In 1885, Rodgers contracted scarlet fever, which left him deaf in one ear and hearing impaired in the other, which effectively barred him from following the family tradition of naval service. He received his education first at home and then at the Mercersburg Academy. In 1902, Rodgers joined his mother and sister in New York City. He became a member of the New York Yacht Club, and besides boating he rode motorcycles and drove cars. In 1906 he married Mabel Avis Graves; they had no children. The Rodgers resided in Havre de Grace, Maryland.

Aviation
In June 1911, Rodgers visited his cousin John, a naval aviator, who since March was studying at the Wright Company factory and attending flying school in Dayton, Ohio. Rodgers became interested in aviation. He received 90 minutes of flying lessons from Orville Wright, and purchased a Wright Flyer with John. On August 7, 1911, he took his official flying examination at Huffman Prairie and became the 49th aviator licensed to fly by the Fédération Aéronautique Internationale. He was one of the first civilians to purchase an airplane.
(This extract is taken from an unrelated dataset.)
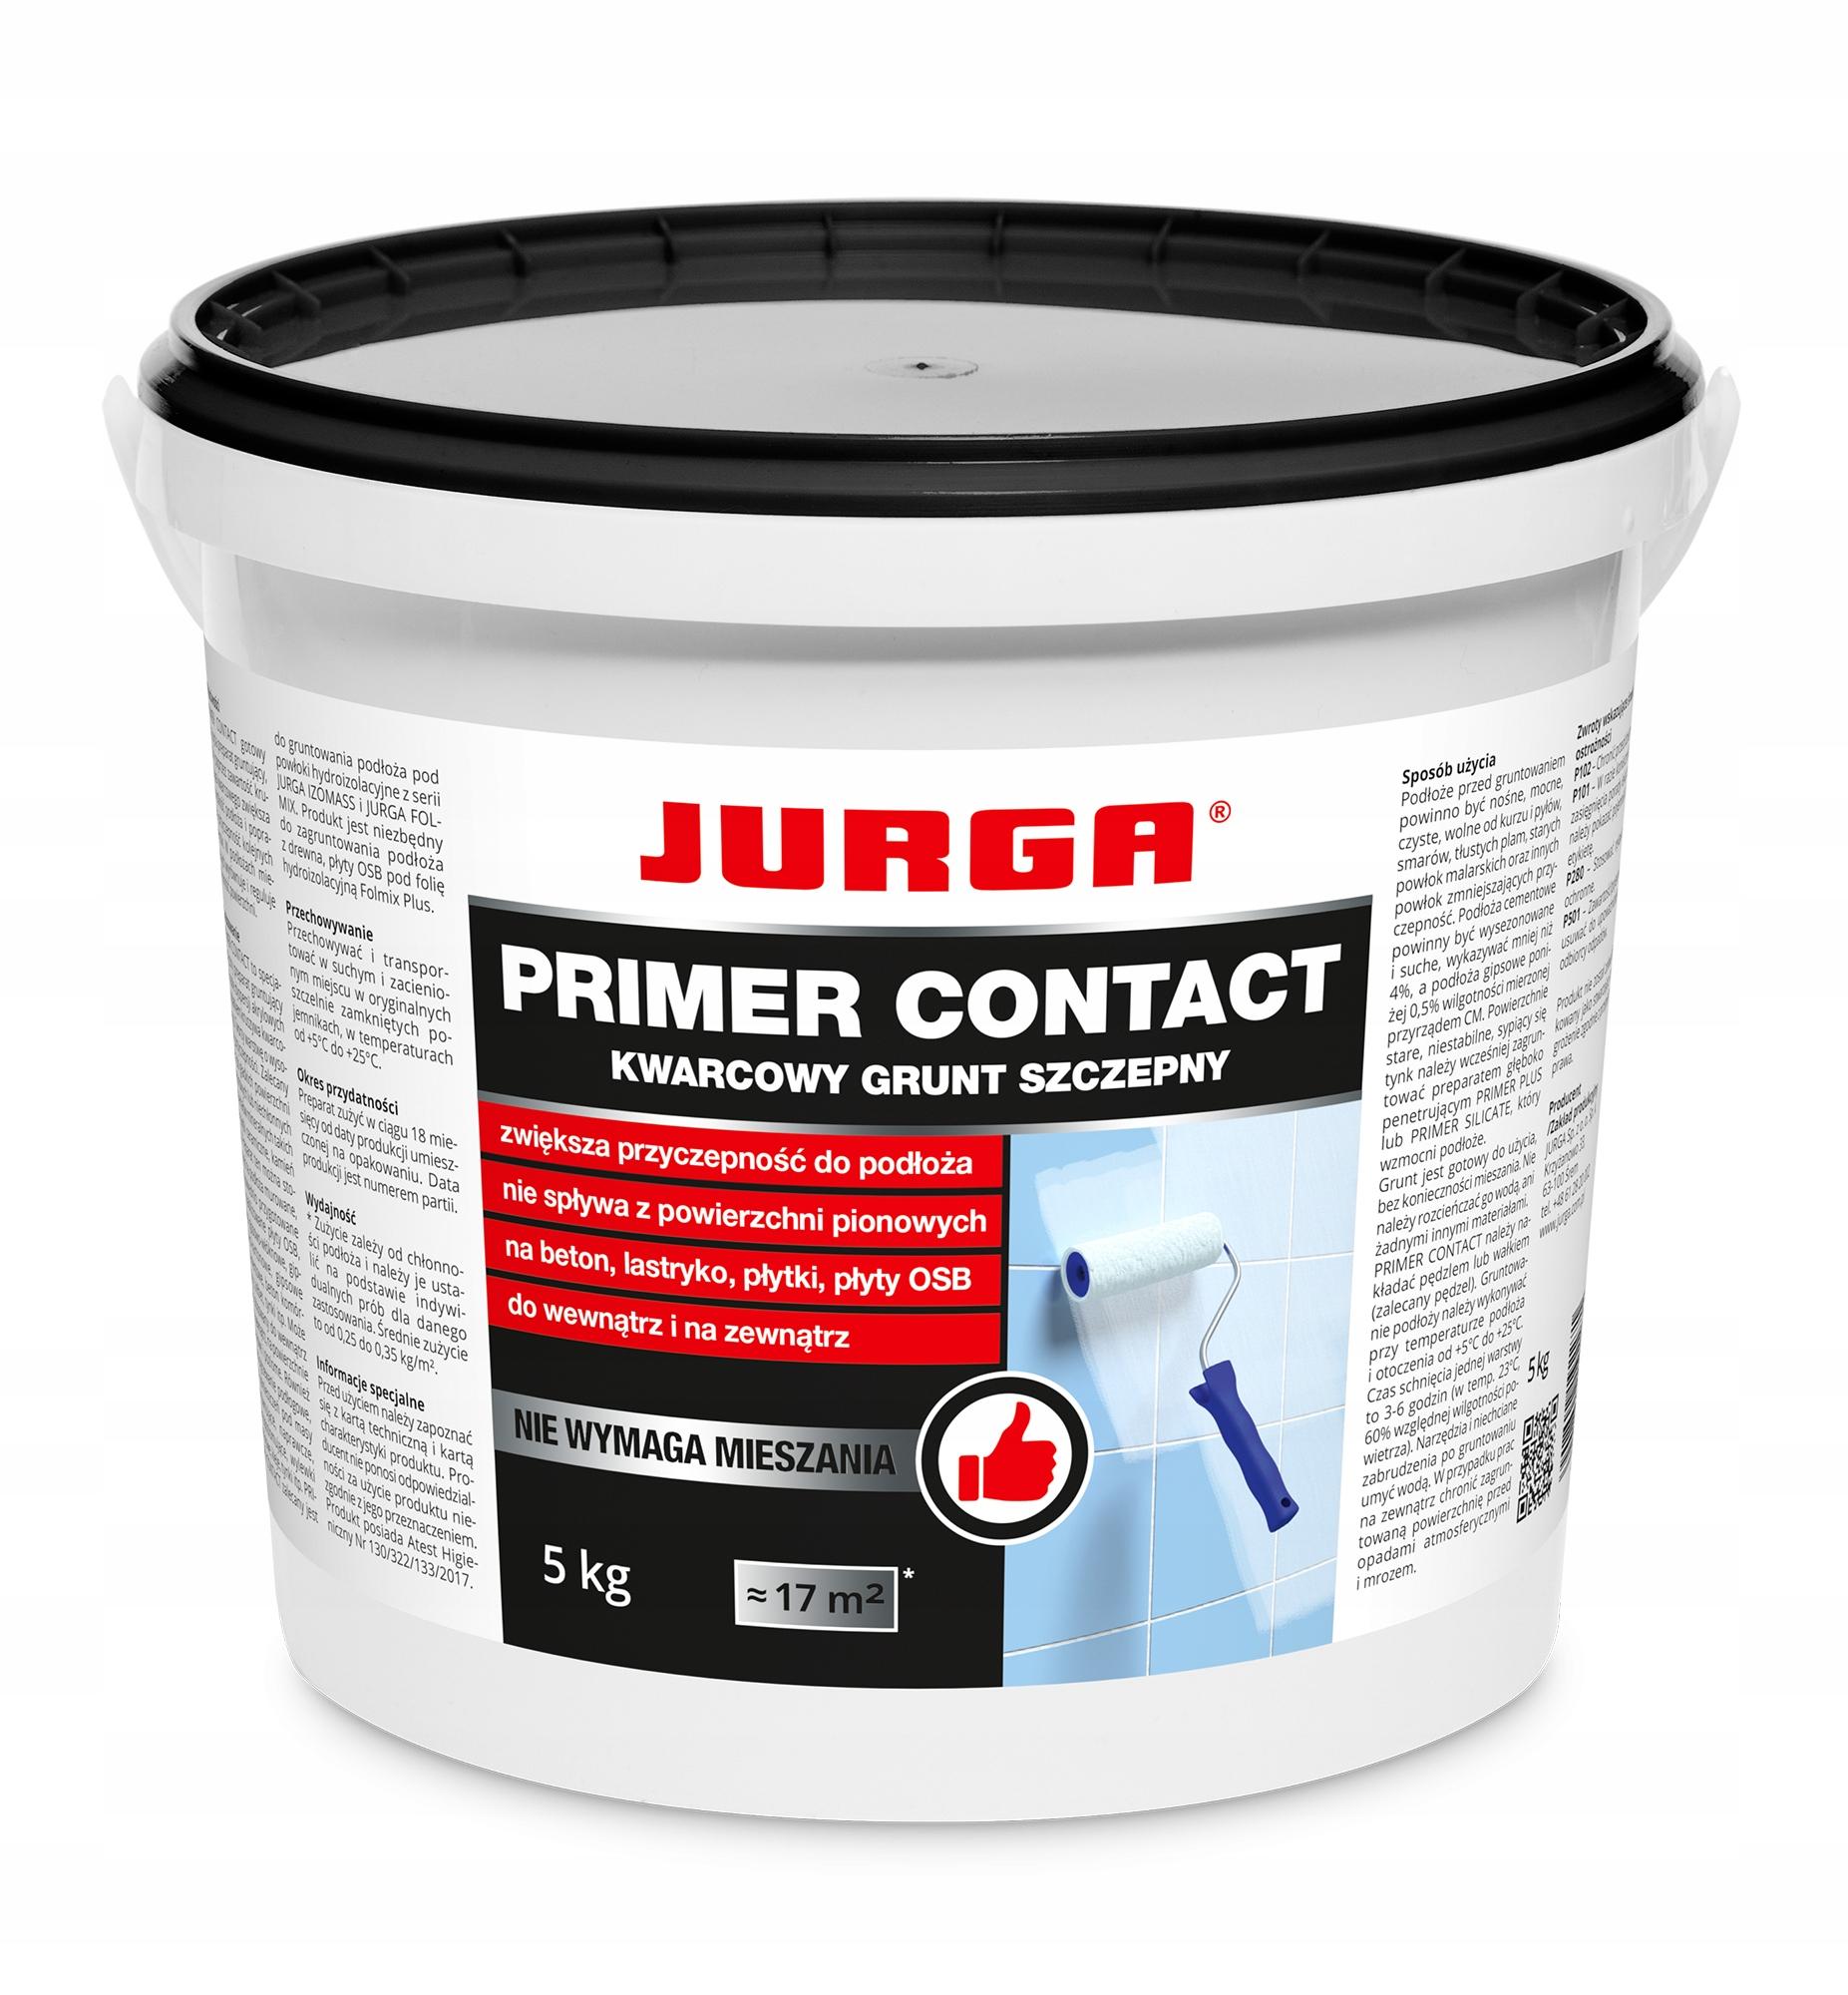 Jurga Primer contact kwarcowy grunt szczepny 5kg
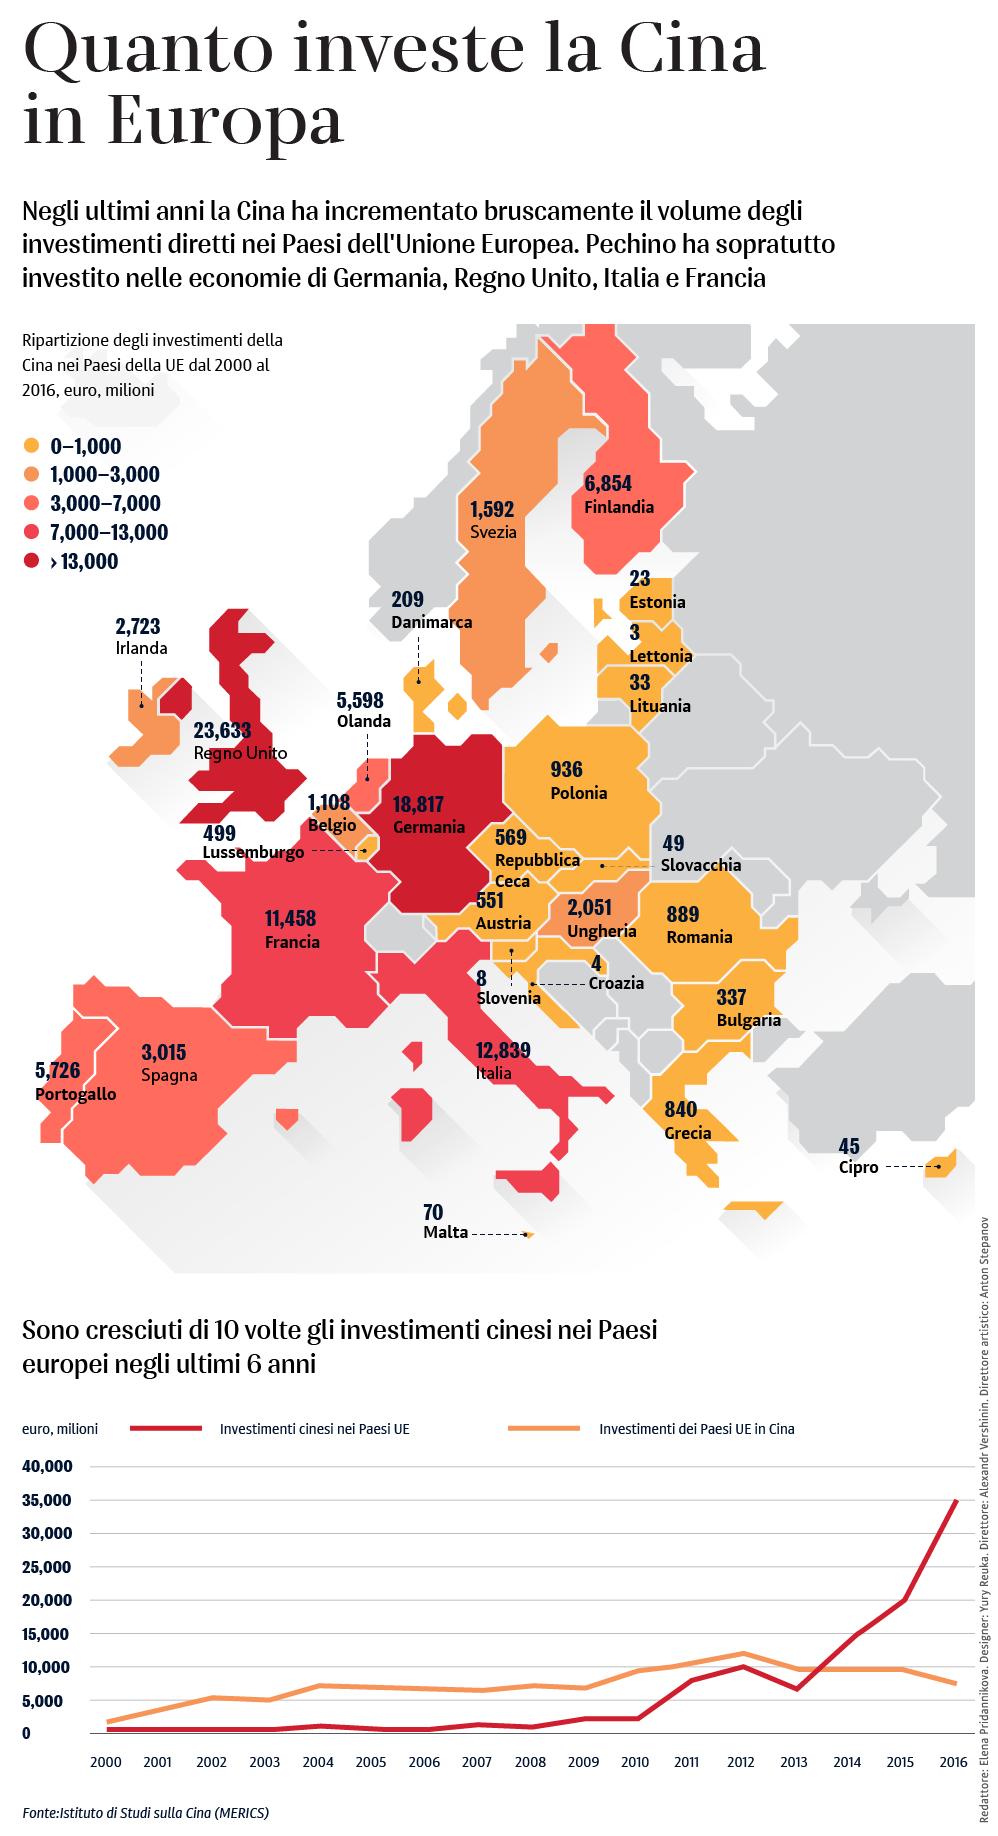 Quanto investe la Cina in Europa

Instead of flying home, Rodgers entered the 1911 Chicago International Aviation Meet, where he competed with the leading aviators of the time. He set several records, including the duration record, and won $11,285 in prize money.

Cross-country flight
On October 10, 1910, publisher William Randolph Hearst offered the Hearst prize, US$50,000 to the first aviator to fly coast to coast, in either direction, in less than 30 days from start to finish. Rodgers persuaded J. Ogden Armour, of Armour and Company, to sponsor the flight, and in return he named the plane, a Wright Model EX, after Armour's grape soft drink Vin Fiz. A special train of three cars, including sleeper, diner, and shop-on-wheels full of spare parts, was assembled to follow Rodgers, who planned to fly above the railroad tracks.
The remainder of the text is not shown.